William Smith (June 26, 1840) was an American politician from the state of South Carolina. He served two terms as a Senator in the United States Senate, the first from 1816 to 1823 and the second from 1826 to 1831. During his life Smith was one of the most prominent political leaders in the state of South Carolina. He formed an intense rivalry with John C. Calhoun, arguing against Calhoun's nationalist views, and advocating for states' rights.

Biography

Early life and career 
Smith was born  in either North Carolina or York County, South Carolina. Not much is known about his early life outside of his education. He first attended a school named Bullock's Creek, where he befriended classmates Andrew Jackson and William H. Crawford. Then, he attended Mt. Zion College in Winnsboro, South Carolina, which was the first preparatory school in the region.
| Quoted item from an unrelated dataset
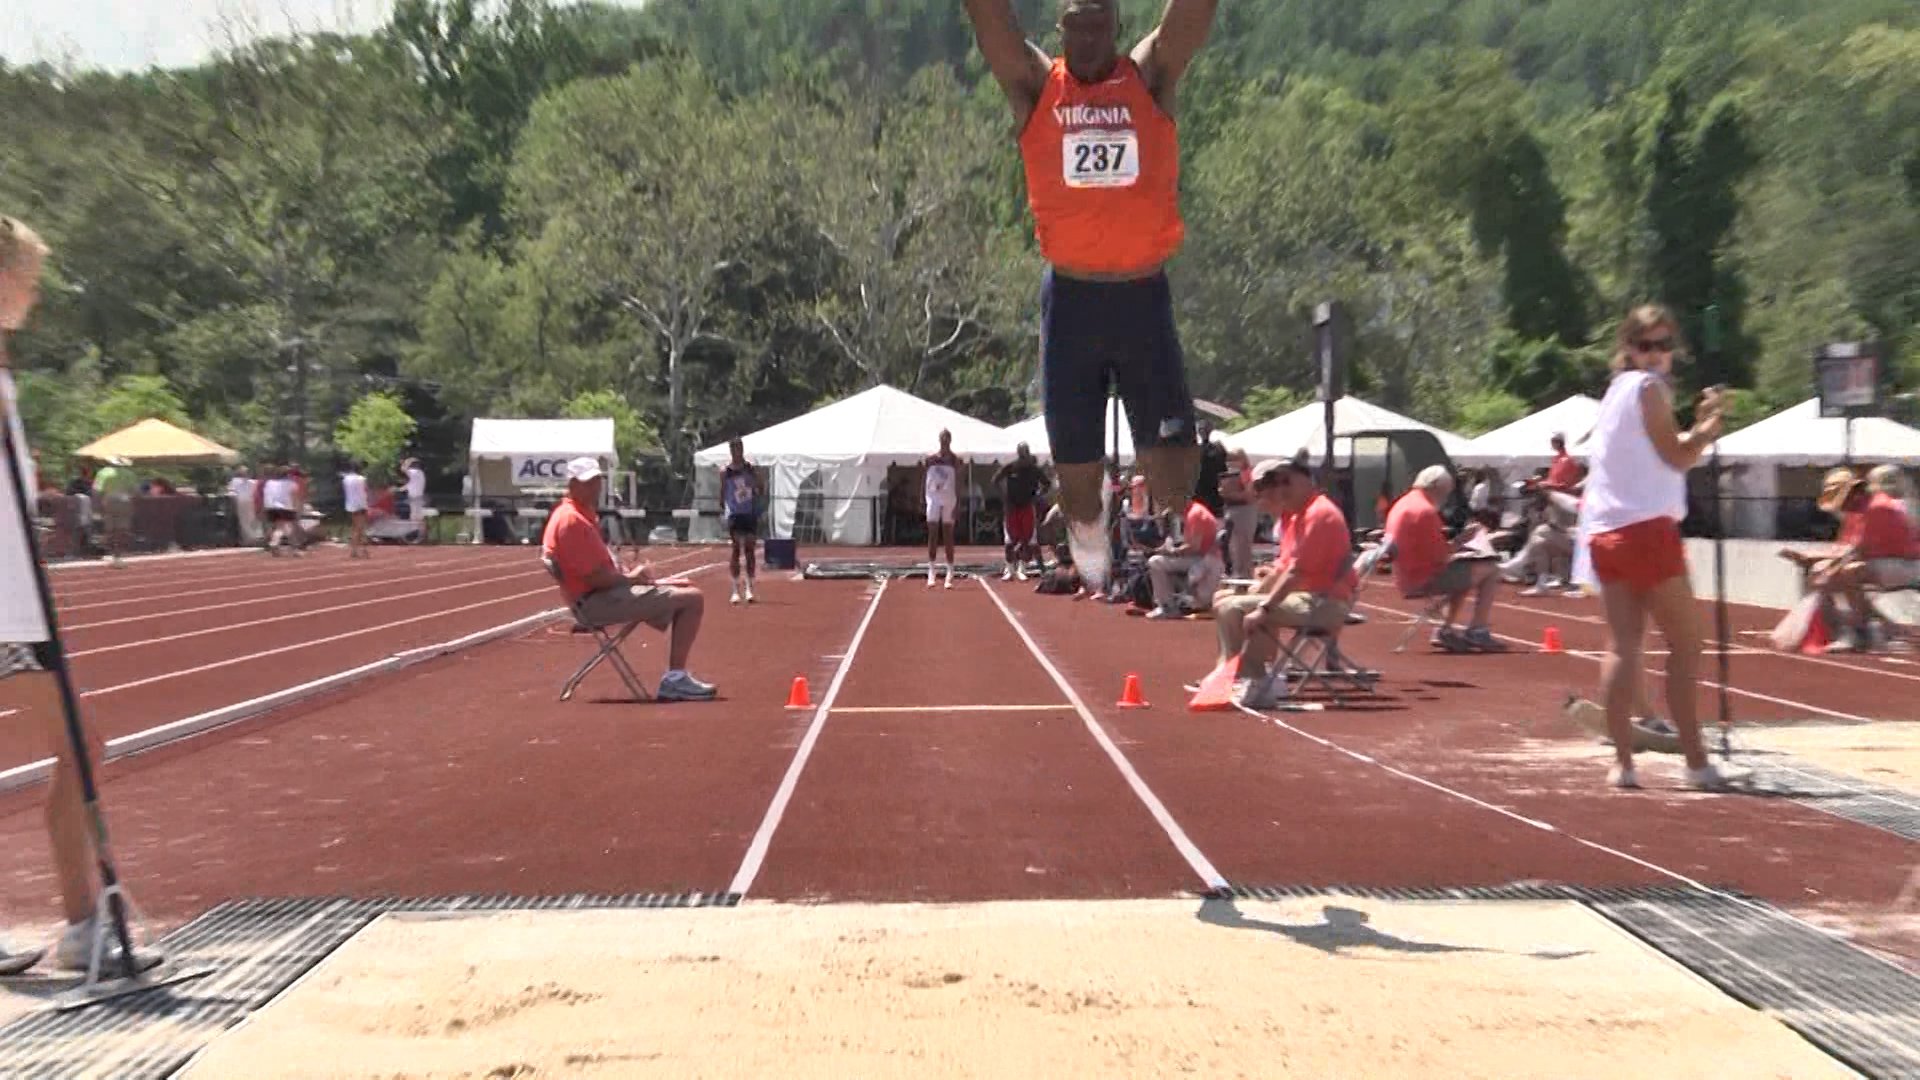 UVA Men's Outdoor Track and Field Ranked #23 - WVIR NBC29 Charlottesville News, Sports ...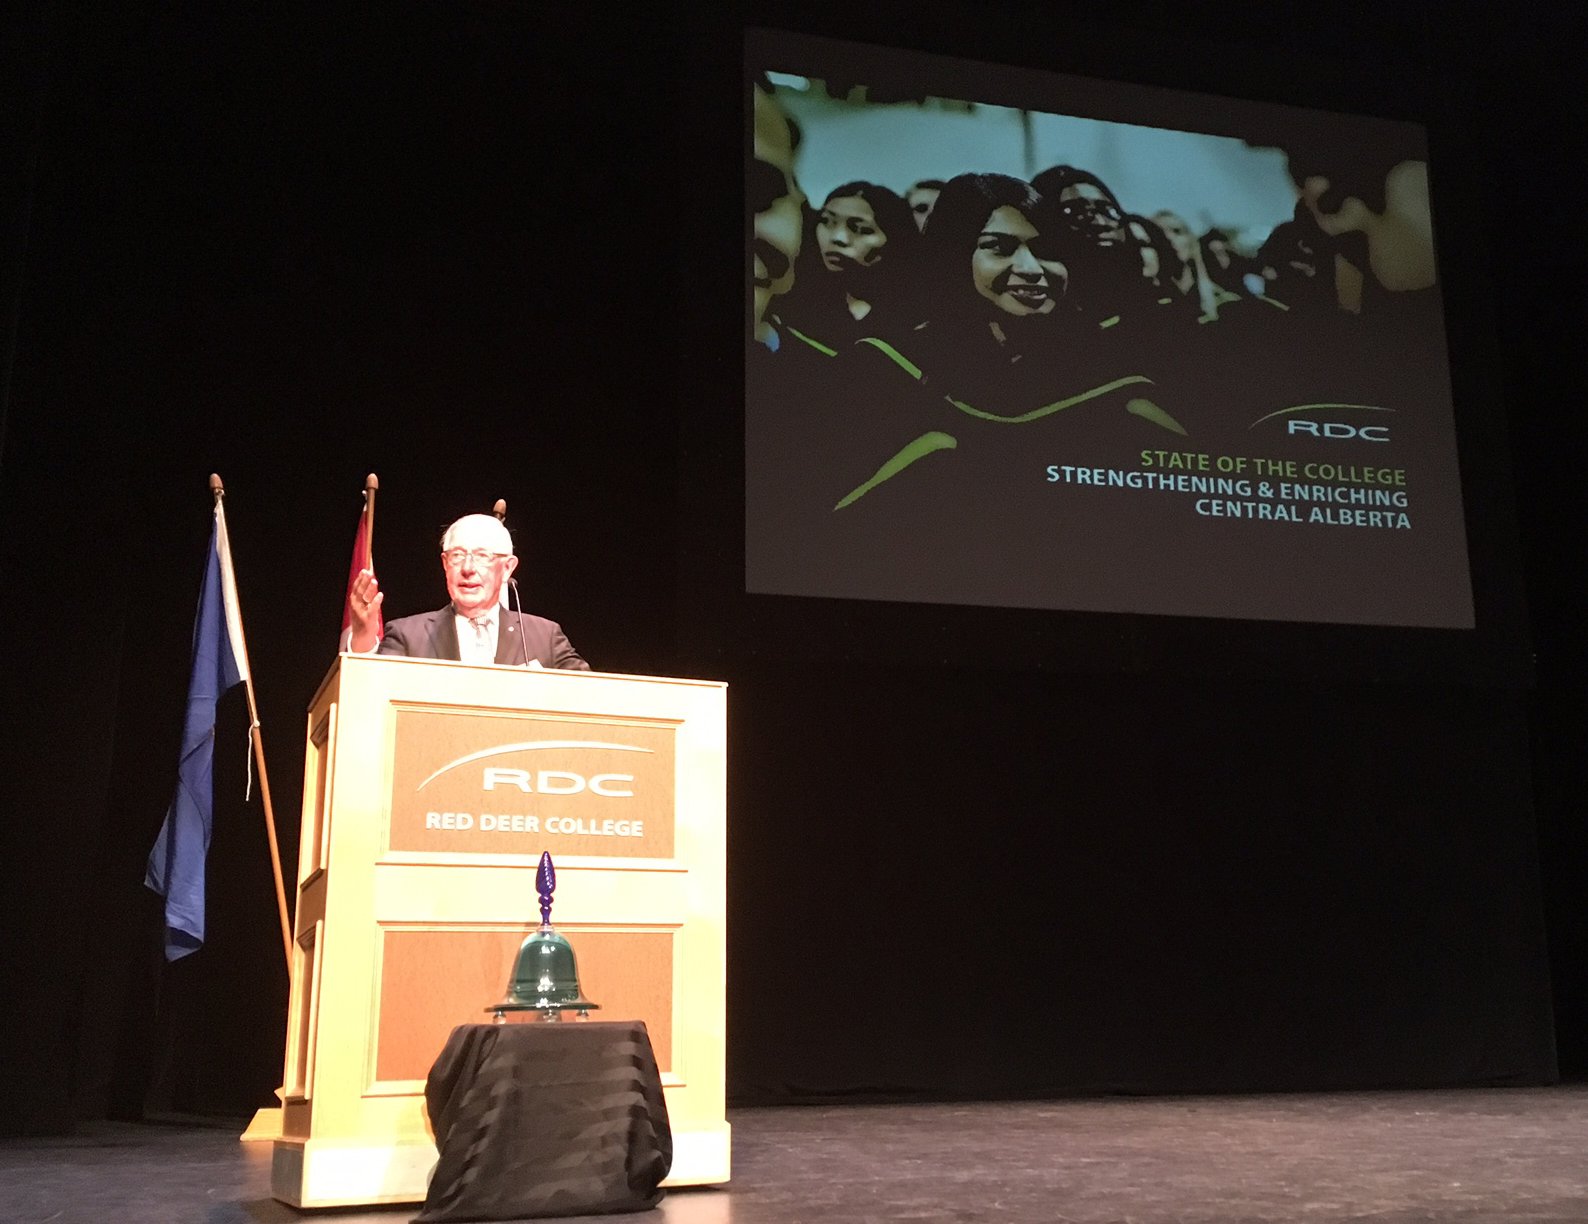 HONOUR - Morris Flewwelling has been named to the post chair for Red Deer College’s board of directors. He spoke about his excitement for the new role during a special State of the College Address at the Arts Centre on Wednesday.

He once stated to a friend stated that his life could be described as "wild, reckless, intemperate, rude and boisterous, yet resolute and determined." To that same friend he also credited all of his success to a promise he once made to his wife, Margaret Duff, to forego alcohol.

Smith's law career began on January 6, 1784 when he was admitted to the bar. In one notable case, his client who had been charged for killing a horse failed to appear before the court. Smith did not see the man for a number of years until he ran into him in the Hall of the House of Representatives. The man, known to Smith by the surname "Elchinor", now went by the name John Alexander and was a Representative for the state of Ohio. Smith ensured that Representative Alexander paid him for his previous services.

Political career 
Smith became a member of the South Carolina Senate in the early 1800s and ended his career in that body as Senate President. In 1808 he became a judge. As a jurist his temperament was considered "tyranical but fair." Then In 1816, Smith was elected a United States Senator, after defeating Charles D. Pringle for the seat. Shortly after taking office, Smith began a political feud with John C. Calhoun which would last the duration of his political career in South Carolina.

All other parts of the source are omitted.